Its been lovely and sunny here, a perfect day for a bit of fly fishing - lol


----------



## lainsy (Sep 7, 2008)

hi guys o my lordy seems like the weather in england is better than spain at the mo . its been lovely here . hows the weather there now are you all still battling with the wind and rain .. im sorry to hear about the mother an daughter in the floods thats terrible .. heard it on the news today very sad ..


----------



## jojo (Sep 20, 2007)

lainsy said:


> hi guys o my lordy seems like the weather in england is better than spain at the mo . its been lovely here . hows the weather there now are you all still battling with the wind and rain .. im sorry to hear about the mother an daughter in the floods thats terrible .. heard it on the news today very sad ..


The weather is better here, today was hazy sun and it is still hot 27c, tee shirt and shorts weather, its chilly at night 17c jumpers, cardies and long trousers. I guess its like a summer should be in the UK.

That said, the forecast for Spain over the next week is rain!!! - well it is for my area! 

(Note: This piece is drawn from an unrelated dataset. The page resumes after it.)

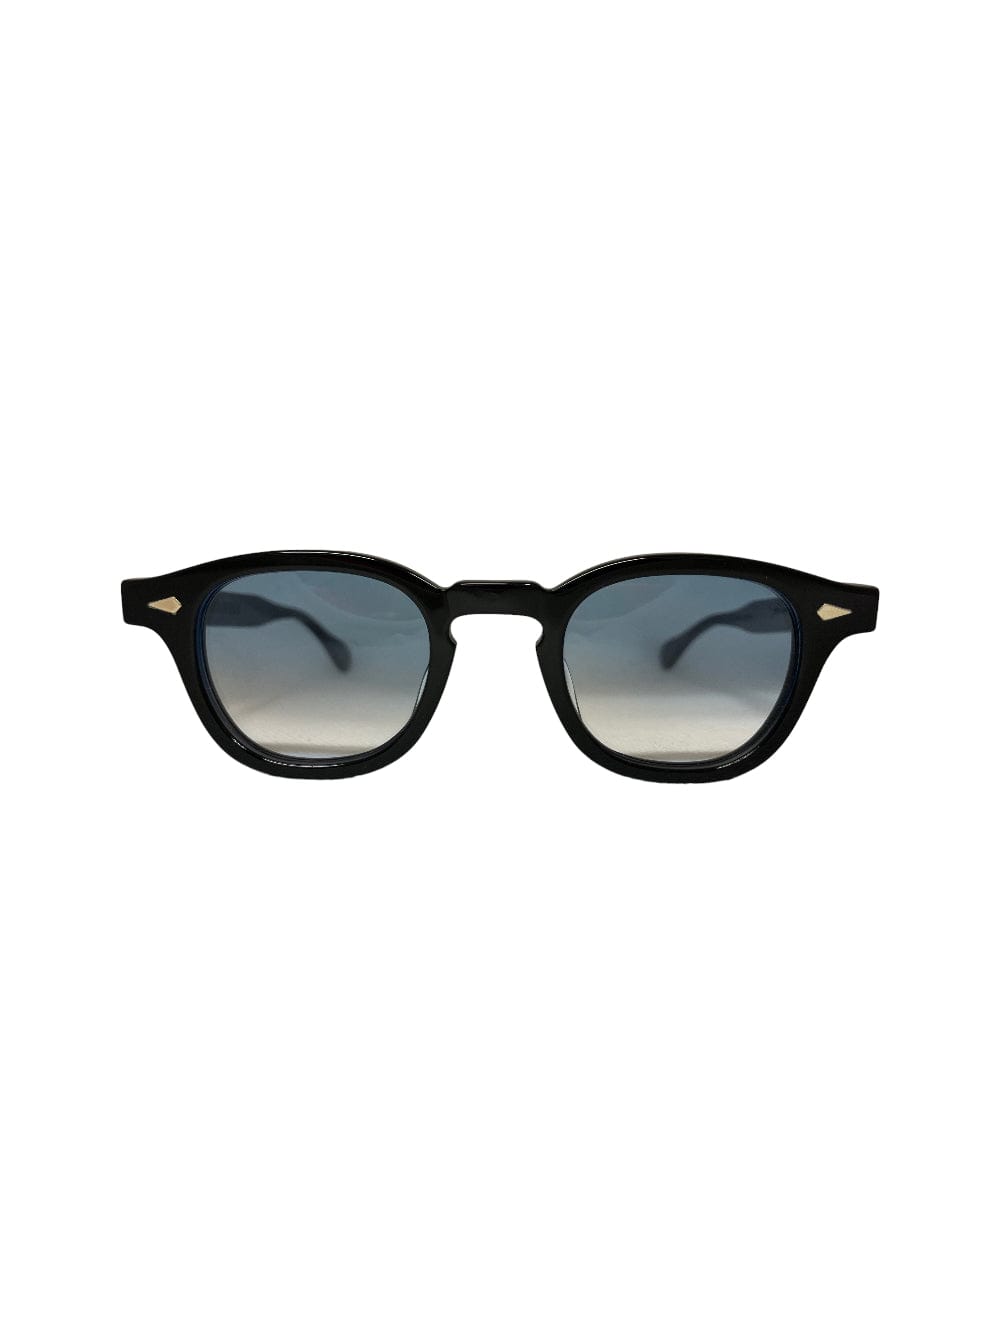 Julius Tart Optical Ar - 44/24 - Black Sunglasses | ModeSens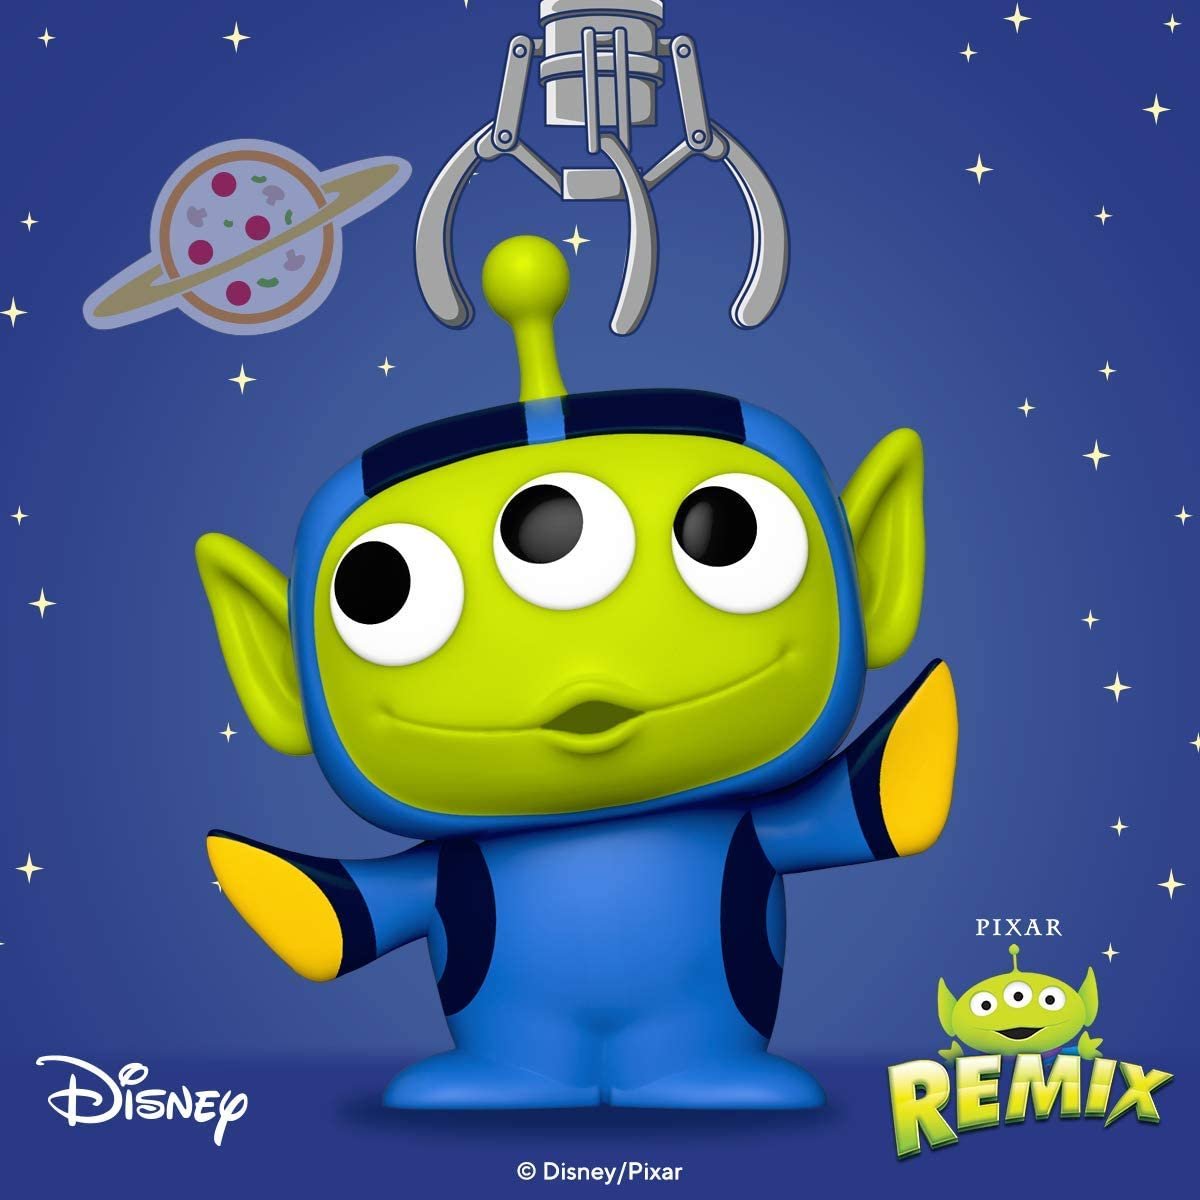 Funko Pop! Disney: Pixar Alien Remix - Alien as Dory Vinyl Figure

But its not cold, just chilly at night

Jo


----------



## Pasanada (Feb 5, 2008)

I returned to Blighty last night......counting down the days when I return to Spain! LOL


----------



## jojo (Sep 20, 2007)

Pasanada said:


> I returned to Blighty last night......counting down the days when I return to Spain! LOL



Well you had a nice stay in spain then. It rained all the time you were here!! We had more rain and storms today, its cleared up a bit now, but it isnt that warm

Jo


----------



## Pasanada (Feb 5, 2008)

jojo said:


> Well you had a nice stay in spain then. It rained all the time you were here!! We had more rain and storms today, its cleared up a bit now, but it isnt that warm
> 
> Jo


I enjoyed about 5 days out of 21 of sunshine.....but at least it's till warm, the coffee is the best and everyone still smiles! I've been back in Blighty for just over 12 hours......enough said! LOL


----------



## Davidakky (Oct 14, 2008)

SunnySpain said:


> Its been lovely and sunny here, a perfect day for a bit of fly fishing - lol


Where do you go fly fishing?

I am on the Costa del Sol and the rain has been banging down...cars had to stop at one stage as visibility was down to 20m!!!

P'd down all morning and in the mid 20's this afternoon...lets hope the reservoirs fill up!!


----------